We are running late for a doctor’s appointment. This is not unusual. My husband and I are in those “golden” years (I have labeled them, the “tarnished” years) and seem to move slower than water in an unprimed pump nowadays.
“Ray, what IS that noise?” both of us finally ready to exit the house, the sound getting louder, “Oh, honey, look! A dog wants in!”
I try to push it away so we can get out, but the friendly animal tries to nudge his way inside, the thumping tail still wagging lickety-split on the wooden steps. We finally are able to get out and rush to the car when I see the dog tags dangling from the pup’s collar. Do I try to rescue the stray, making us even later, or trust it will find its own way home? Although Ray and I are not pet lovers ourselves, I realize how important they are to those who are.
Bitten by a dog years ago when I was an avid walker, I am wary of dogs. But this black playful one appears non-threatening.
I wrap my fingers around the dog’s collar to read the floppy bone-shaped tags, groping for my cell phone and punching in the number. Fortunately, “Maggie’s” owner lives one street over and rushes over.
“Thank you so much. I just got her from the pound two days ago,” the breathless neighbor’s hand holding a long leash, “the previous owners turned her into the pound because she kept running away.”
Ray and I find this funny, wondering why the newest owner wasn’t more careful if he was aware of her wandering penchant. We are only five minutes late for Ray’s appointment. The nurse wonders why his blood pressure is rather high until we explain our delayed arrival.
Two weeks later, my husband and I are leaving our house for his chemotherapy treatment and we are greeted by Maggie’s thumping tail at our door again. I call the neighbor and fondle the dog’s silky ears while we wait for her owner again. As her adoring eyes meet mine I have to admit she is an adorable dog.
“Maggie, you naughty puppy,” Mr. Craig tying a stronger-looking leash to her collar, “looks like yours is her ‘home away from home’,” his frustrated laugh and his dog’s drooping tail trailing behind them. I store Mr. Craig’s phone number on our cell phone’s speed dial.
In the meantime, Ray’s health deteriorates until, after a valiant fight, he is released from his struggle into the arms of Jesus, and I am bereft.
I now welcome Maggie’s thumping tail at our—I mean, my—front door. As if sensing my need for her comfort, she visits more often, and my aching heart looks forward to the visits that, like a song’s prelude, always begin with Maggie’s thumping tail on my front steps.
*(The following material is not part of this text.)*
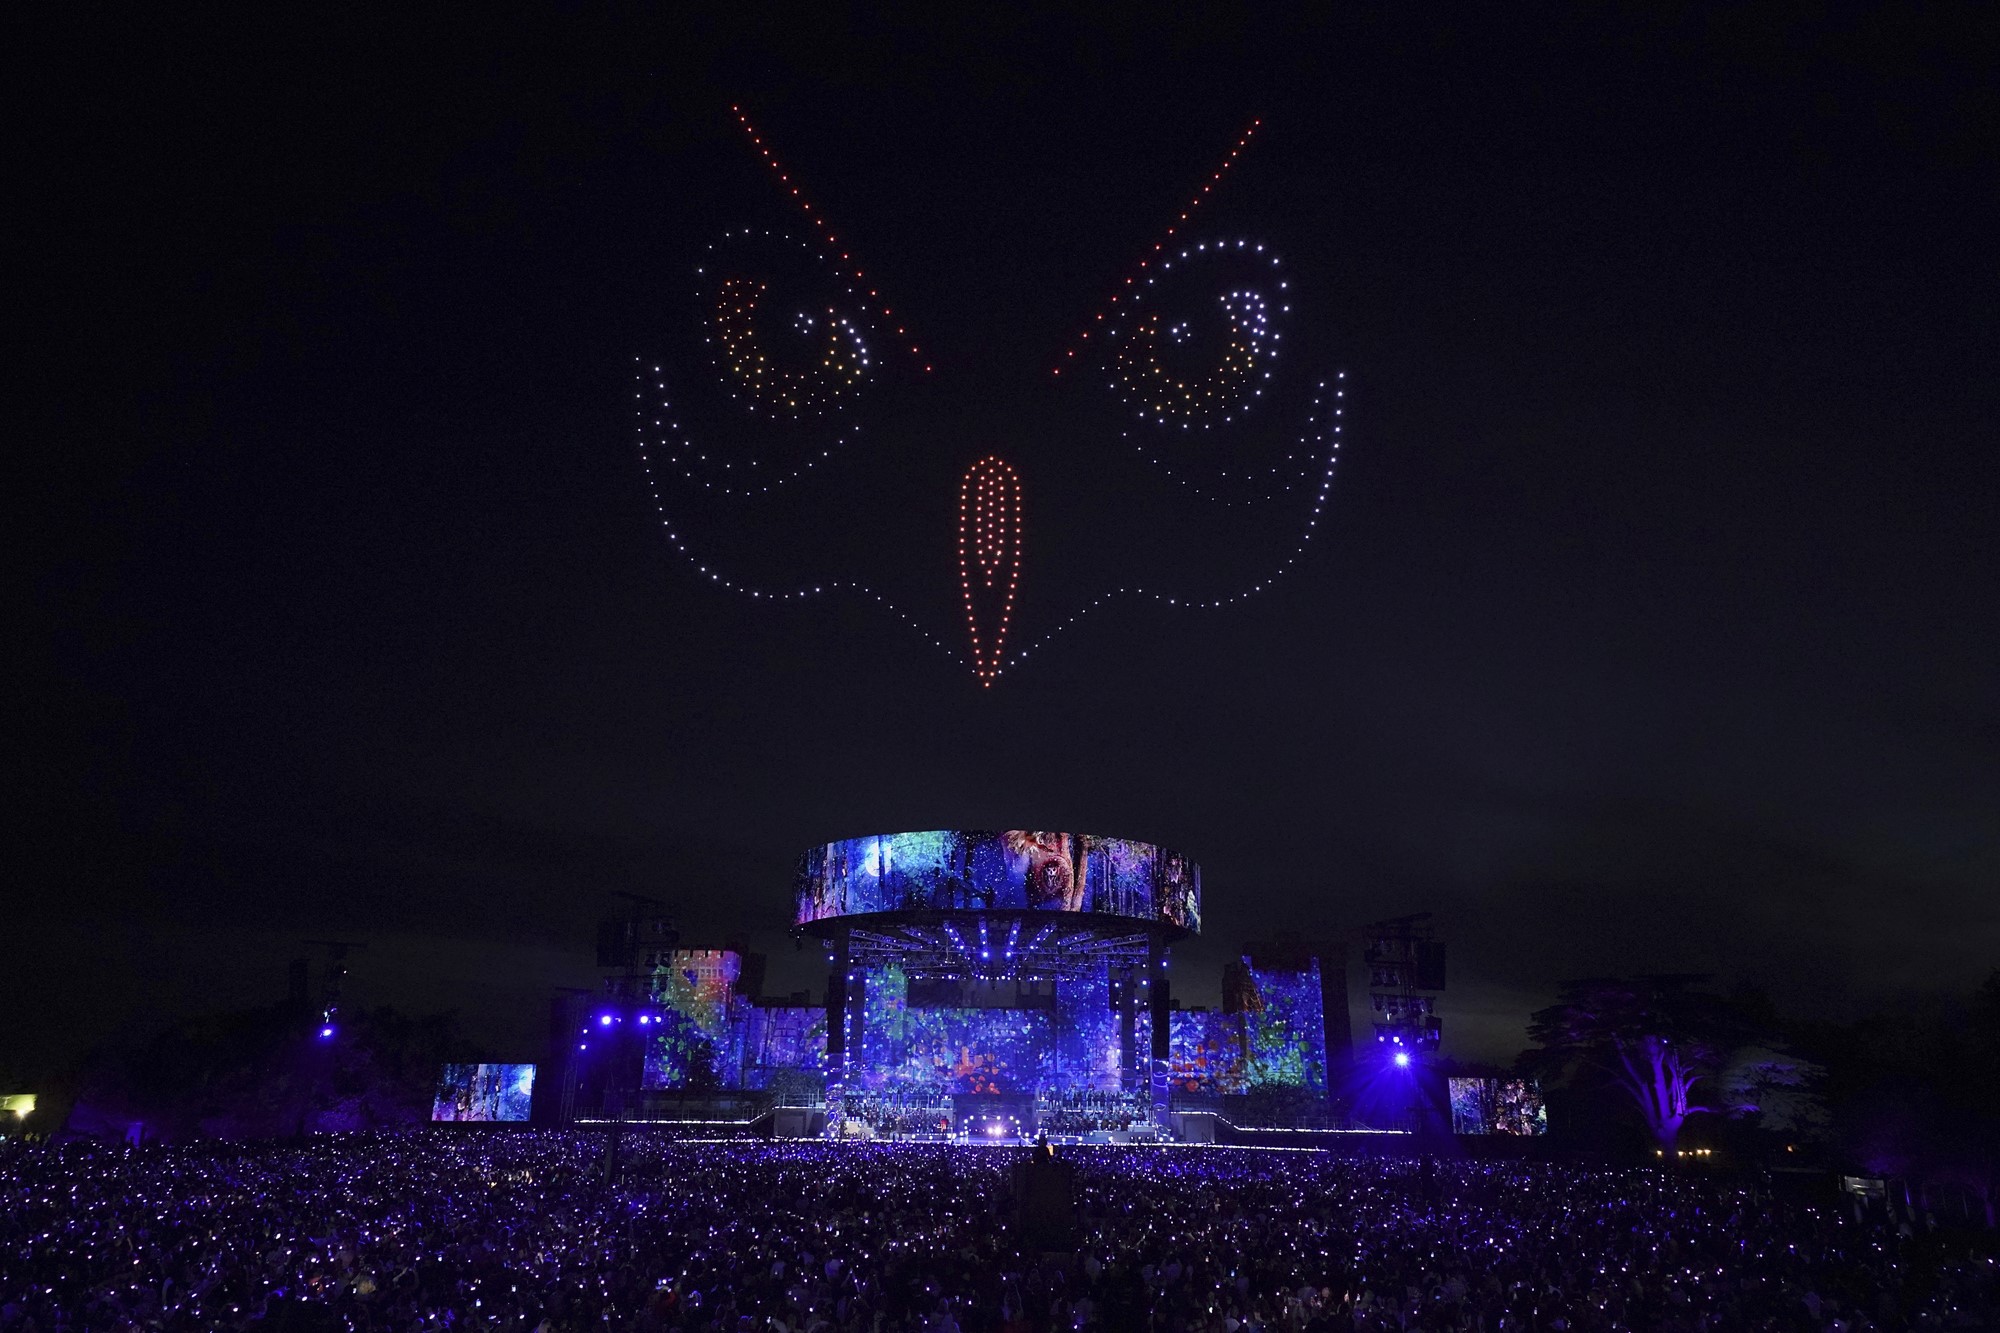 Drones in the night sky create an image of an owl with lights.

“Mrs. Gaines, I’ve been thinking. Maggie has become unhappy at my place and she seems to have formed a genuine attachment to you. Are you sure you don’t want this dog? I could leave her here for a week and see if it works out. I can even bring over her food and stuff,” and I notice for the first time, a soft twinkle in the neighbor’s eye and a dimple in his cheek that reminds me of Ray . . .
Maggie and I are now a twosome. Her presence is like a cherished grandmother’s quilt wrapped around my heart. I like to think that we rescued each other, since she has never run away and I have never once considered giving her back.
Mr. Craig now has a 6-week old adorable male beagle that he walks through the neighborhood every day, stopping by to visit on their way back to his place. The two dogs have become fast friends and we love watching their antics as they play together.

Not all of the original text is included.